Identifying and handling outliers in pandas involves several steps, such as detecting outliers, deciding how to handle them (remove, replace, or keep), and implementing the chosen strategy. Below, I'll provide a step-by-step, along with coding examples using Python and pandas.
python Mad Scientist Desktop
import pandas as pd
import numpy as np
import matplotlib.pyplot as plt
python Mad Scientist Desktop
# Creating a Fidel DataFrame
data = {'A': [1, 2, 3, 4, 5, 200],
'B': [10, 20, 30, 40, 50, 60]}
df = pd.DataFrame(data)
python Mad Scientist Desktop
# Calculate Z-score for each column
z_scores = (df - df.mean()) / df.std()
# Find outliers based on Z-score
threshold = 2
outliers = df[(z_scores > threshold).any(axis=1)]
print("Outliers detected:")
print(outliers)
python Mad Scientist Desktop
# Replace outliers with median
median = df.median()
df = df.mask((z_scores > threshold).any(axis=1), median, axis=1)
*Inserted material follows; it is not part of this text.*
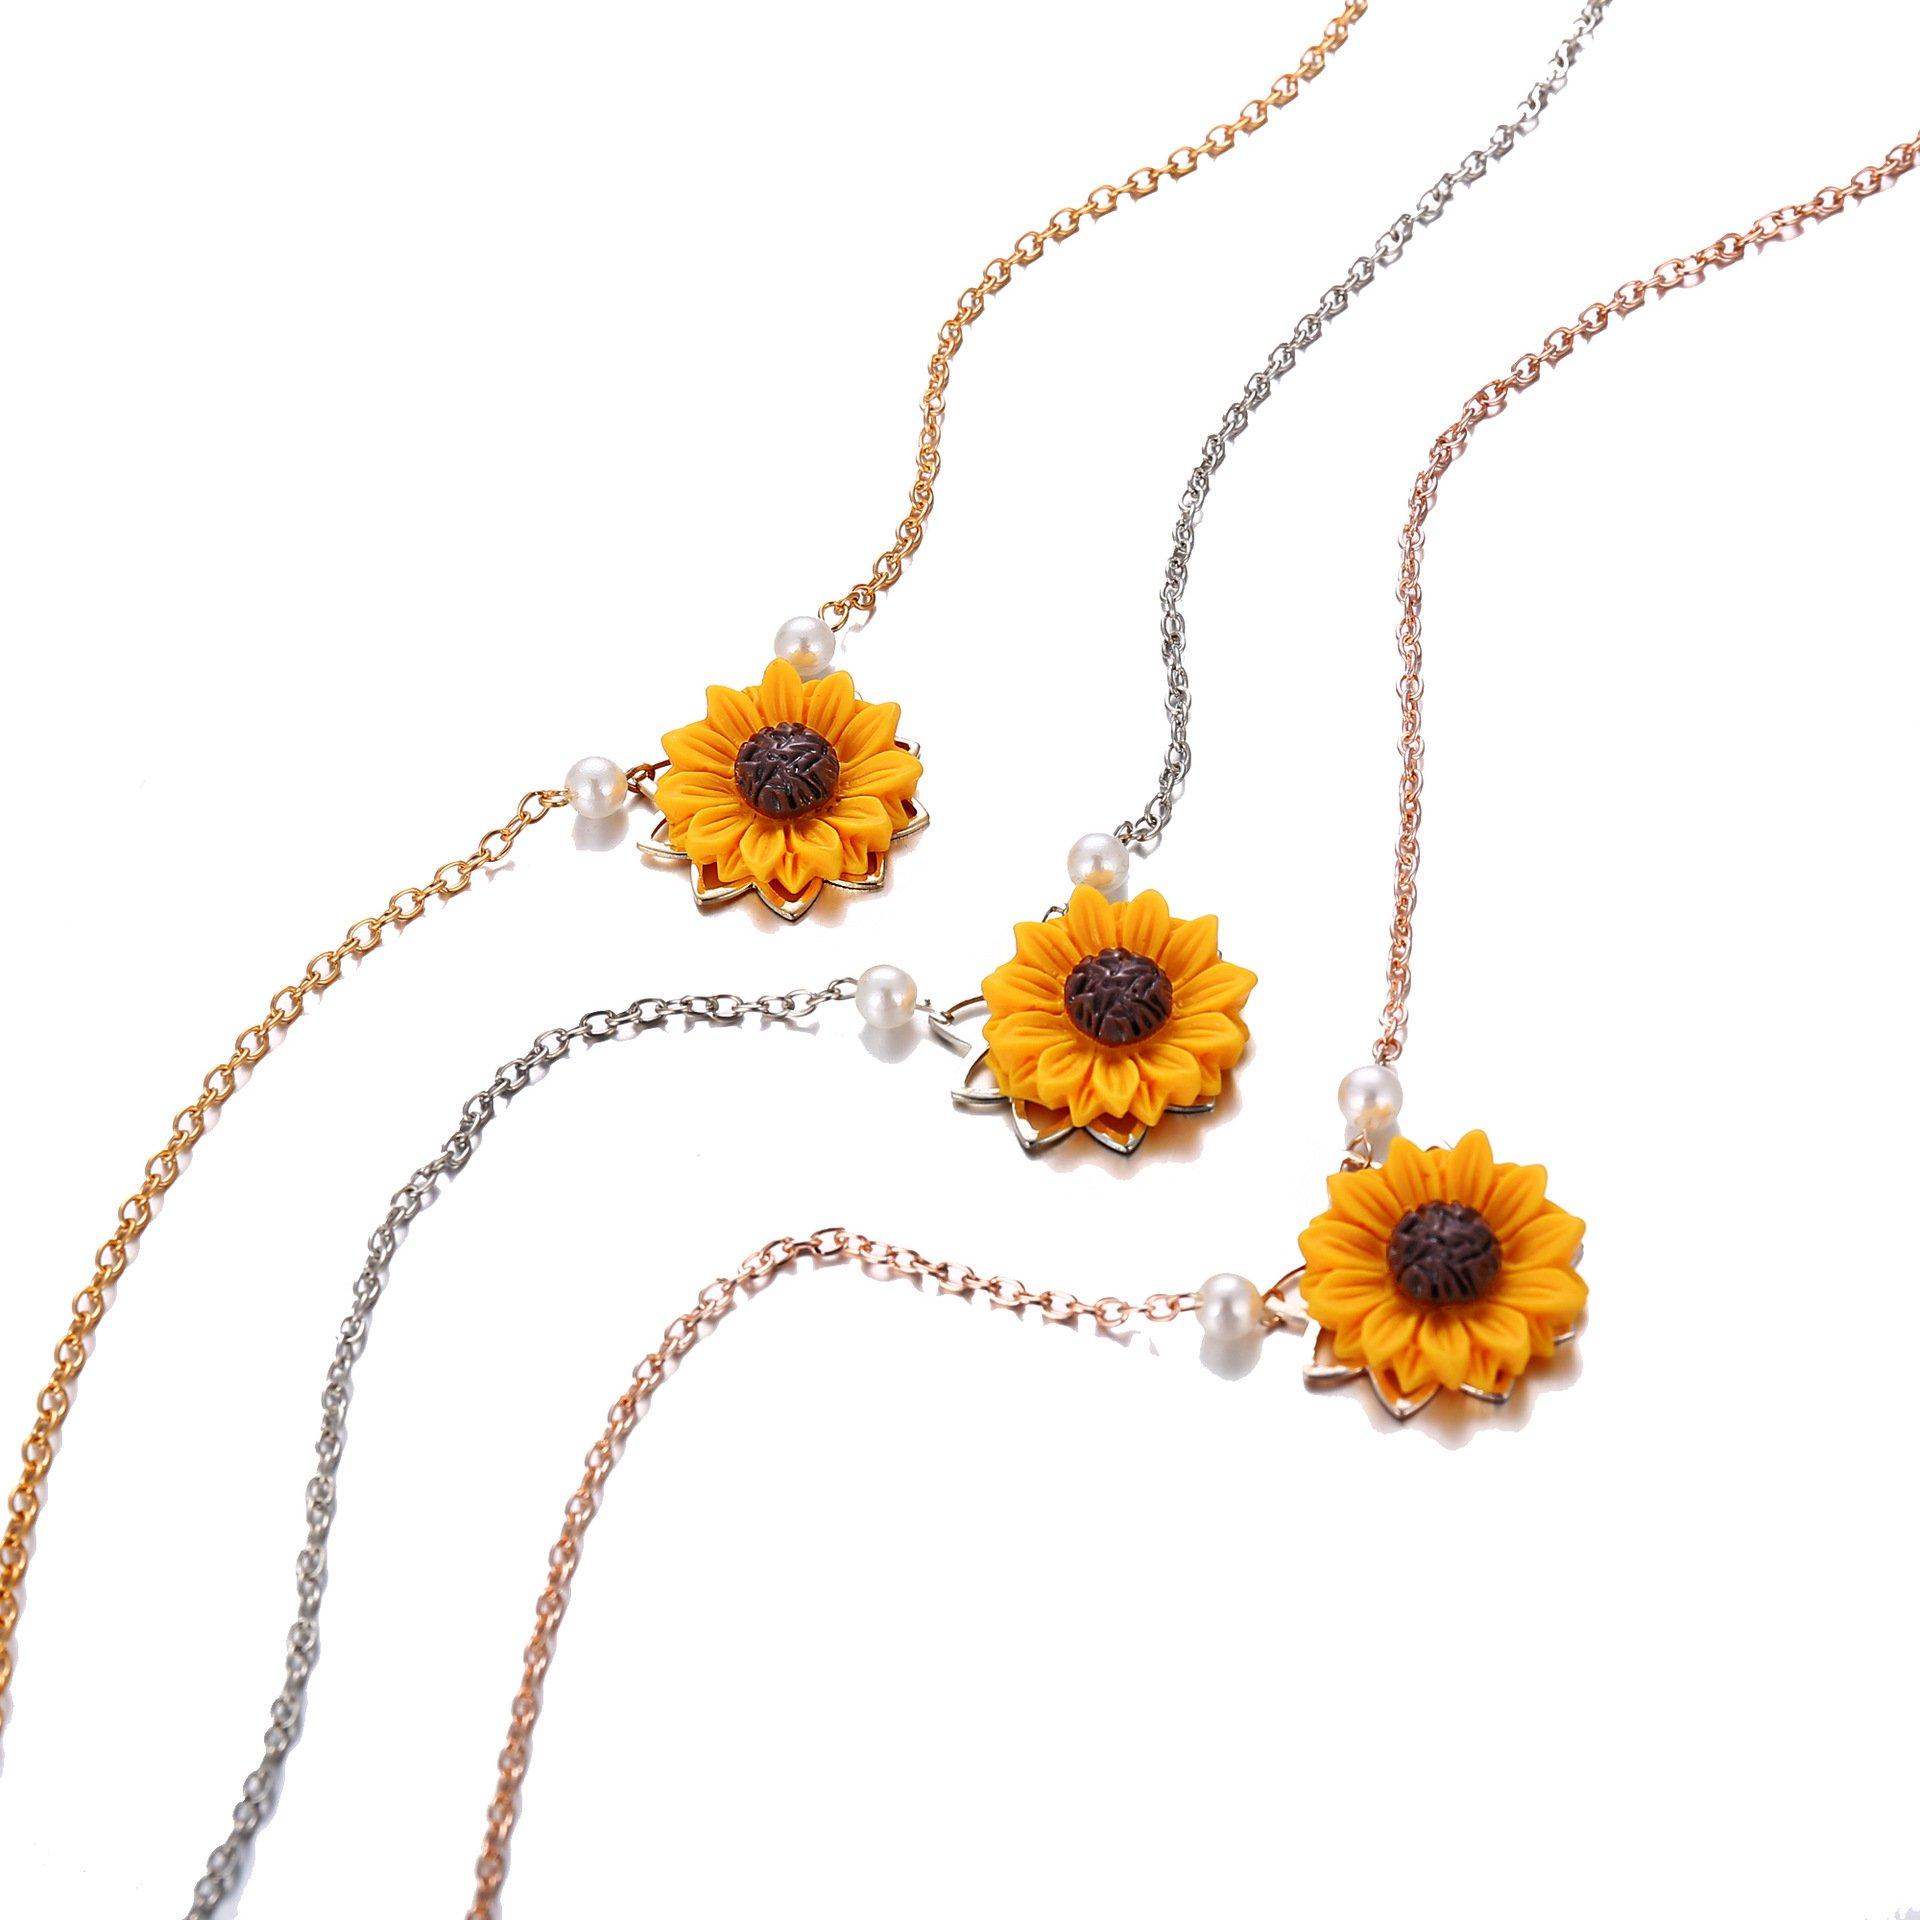 Full Bloom Sunflower Necklace
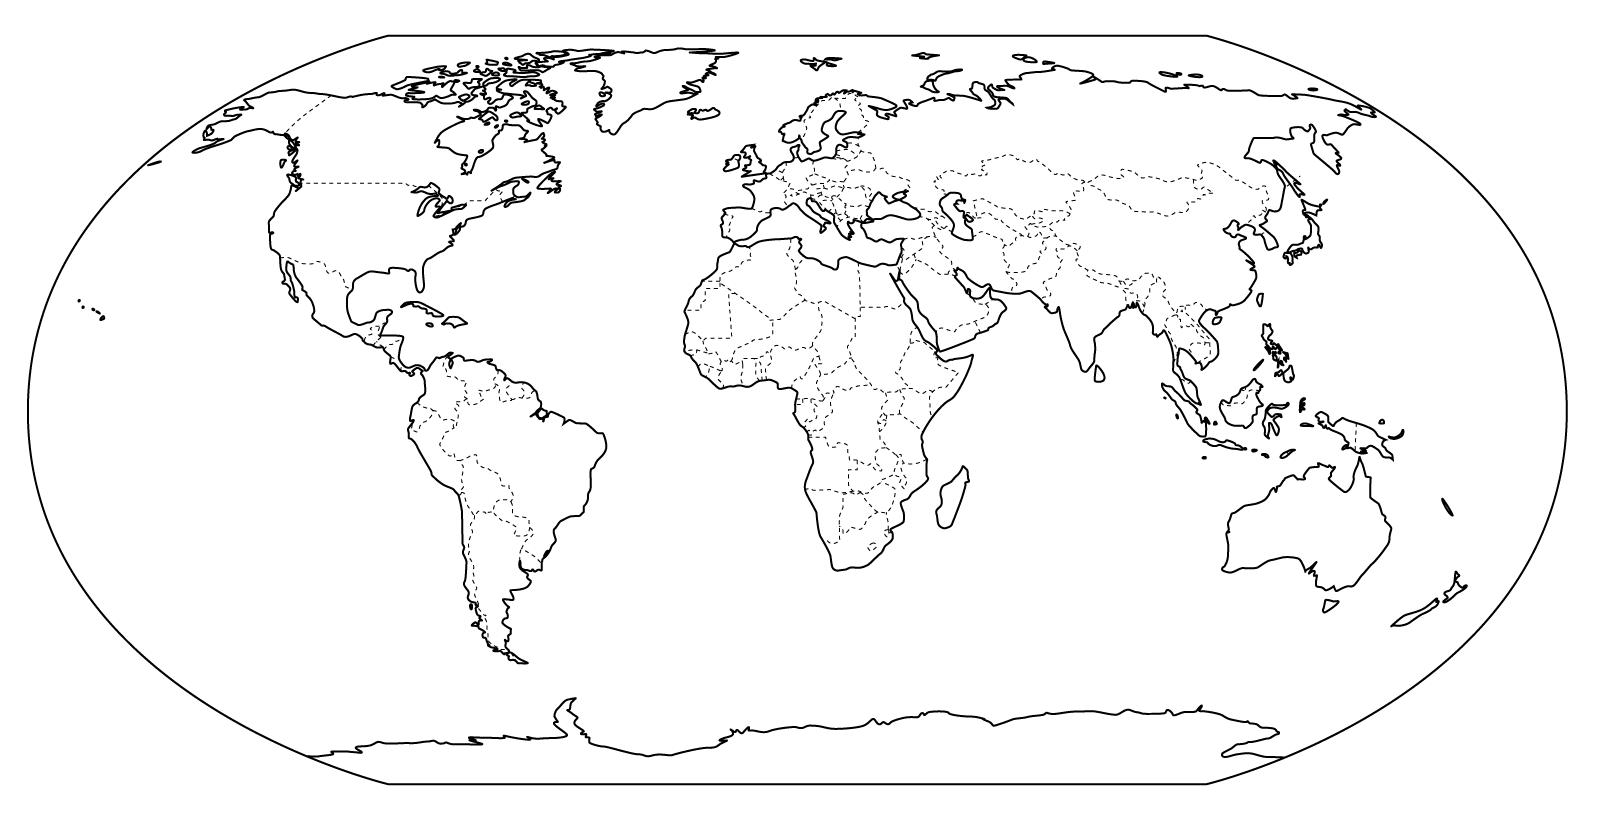 Mapa Del Mundo Para Dibujar: Planisferio Division Politica + Antiguo + Dibujo Lineal

print("DataFrame after handling outliers:")
print(df)
领英推荐
python Mad Scientist Desktop
# Boxplot before outlier handling
plt.figure(figsize=(8, 6))
plt.subplot(1, 2, 1)
df.boxplot()
plt.title("Before Outlier Handling")
# Boxplot after outlier handling
plt.subplot(1, 2, 2)
df.boxplot()
plt.title("After Outlier Handling")
plt.show()
Here I will create visualization code to visualize outliers before and after handling using boxplots
Done! This code identifies outliers using Z-score and replaces them with the median. You can adjust the threshold and choose a different handling strategy based on your data and analysis requirements.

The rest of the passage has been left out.